Spanish cryptocurrency exchange 2gether has announced that it won’t compensate users for the full amount of bitcoin (BTC) and ether (ETH) stolen in August 2020. The exchange said that almost 5,000 of its customers will receive their cryptos under the compensation plan.
Company Asks 9% of Its Users for More Time to Gather the Remaining Funds
According to the announcement, 91% of the users will be fully compensated as part of the firm’s capital round to gather enough funds for the purpose. The crypto exchange argues that it cannot pay the full amount because of the higher prices seen in BTC and ETH.
However, the company offered some solutions to the 9% of users affected by the measure:
The company has offered these users the best solution it can reach with the funds raised in this round — a solution that involves replacing a maximum of 99% of the BTC and ETH stolen and not converted, and at a minimum, the value in euros that was lost at the cyberattack time.

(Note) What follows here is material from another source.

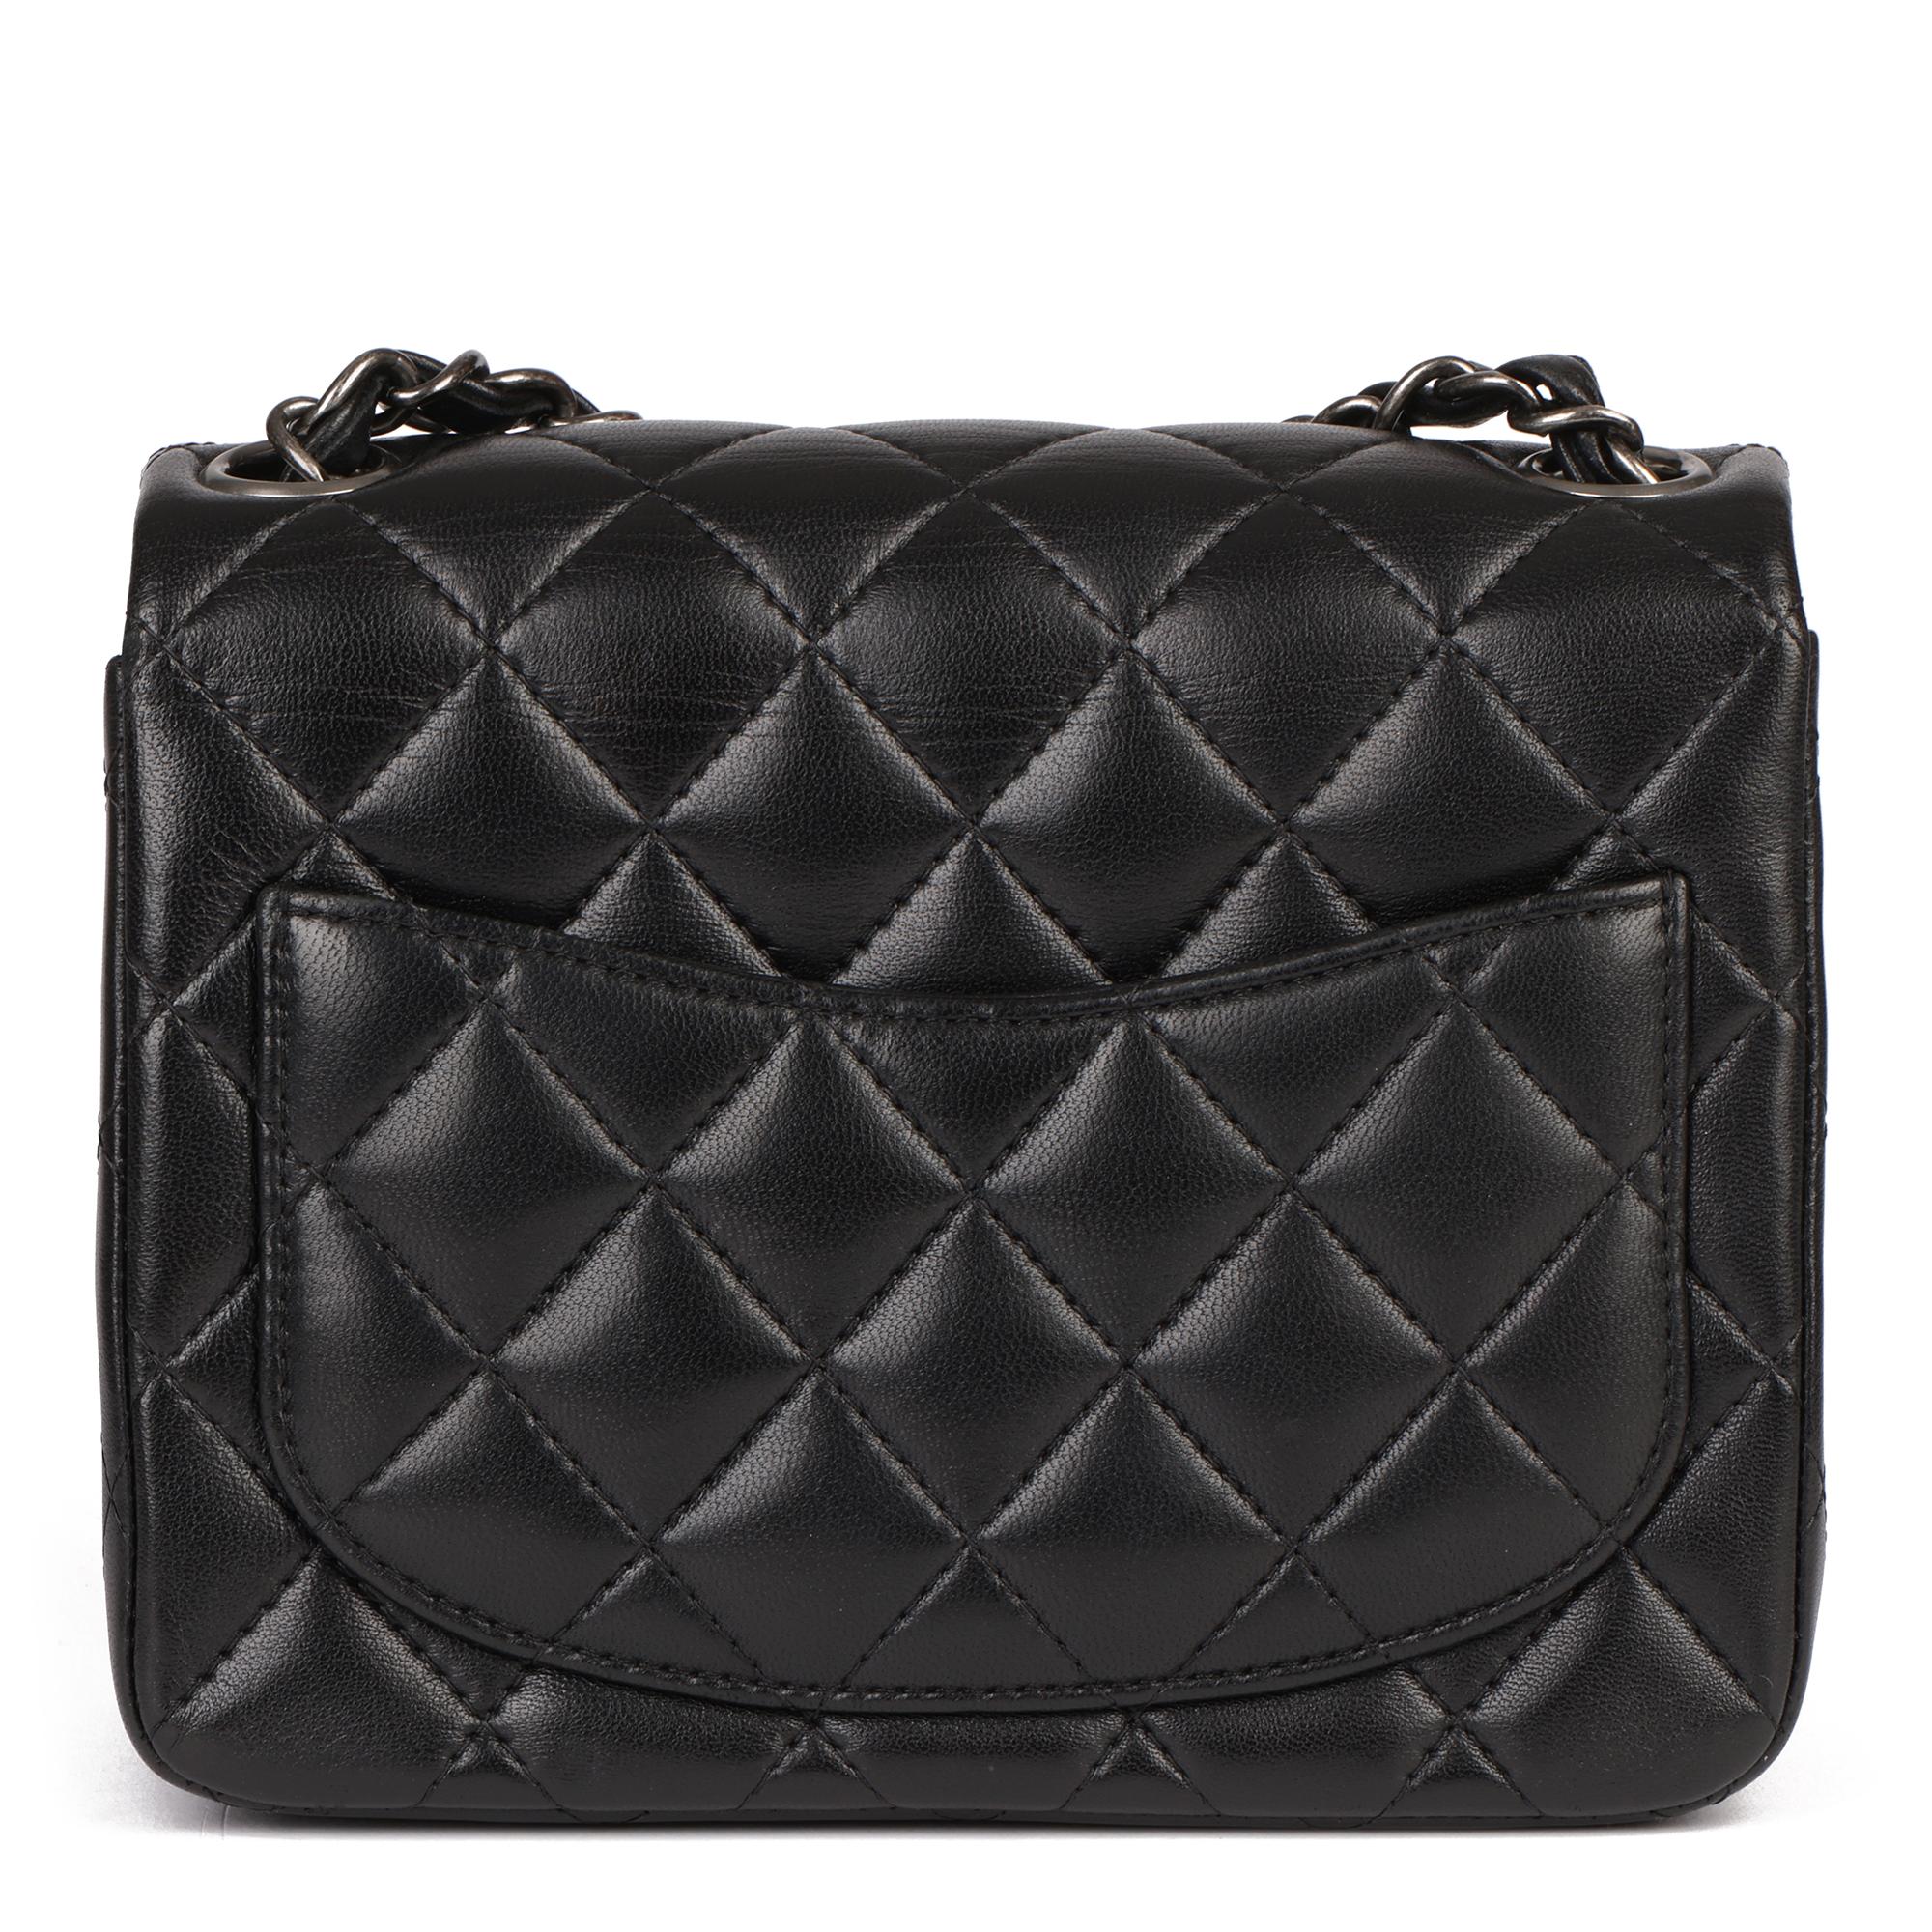 Chanel 2015 Black Quilted Lambskin Leather Mini Flap Bag 3

It excludes what was converted into capital or 2GT tokens, depending on the amount stolen in each case.
Customers can choose to either accept or reject the proposal made by 2gether. If the users decide to reject the mentioned solution, the exchange asks them to give the company “more time to try recovering the total amount of funds as soon as possible.”
Still, per a statement sent to news.Bitcoin.com, 2gether clarified that they’re “aiming to reimburse the full amount for everyone.”
The Spanish crypto firm also said it will enable a feature in its app to allow users to proceed with the solution offered. However, the company didn’t provide a timeline to obtain the remaining funds for the full compensation.
Per a newsletter sent via email to all 2gether customers, the capital round gathered over 1.5 million euros ($1.8 million).
Controversy on Social Media After the Announcement
However, the announcement sparked controversy among the crypto exchange’s customers on social media. On Twitter, a user expressed his disappointment on the matter:
Total disappointment. When subtracting the funds, you take from us all equally (well, not those who had BTC and ETH). Now it’s time to return, and you decide to shut up, giving everything back to some, to others 60% and to others between 30% and the rest to be paid in 4 years. Was this the fair thing to do?
On Aug. 1, 2020, 2gether suffered a cyberattack that affected several crypto trading accounts. At the time, the amount stolen by the hackers was over 1 million euros ($1.2 million as of press time).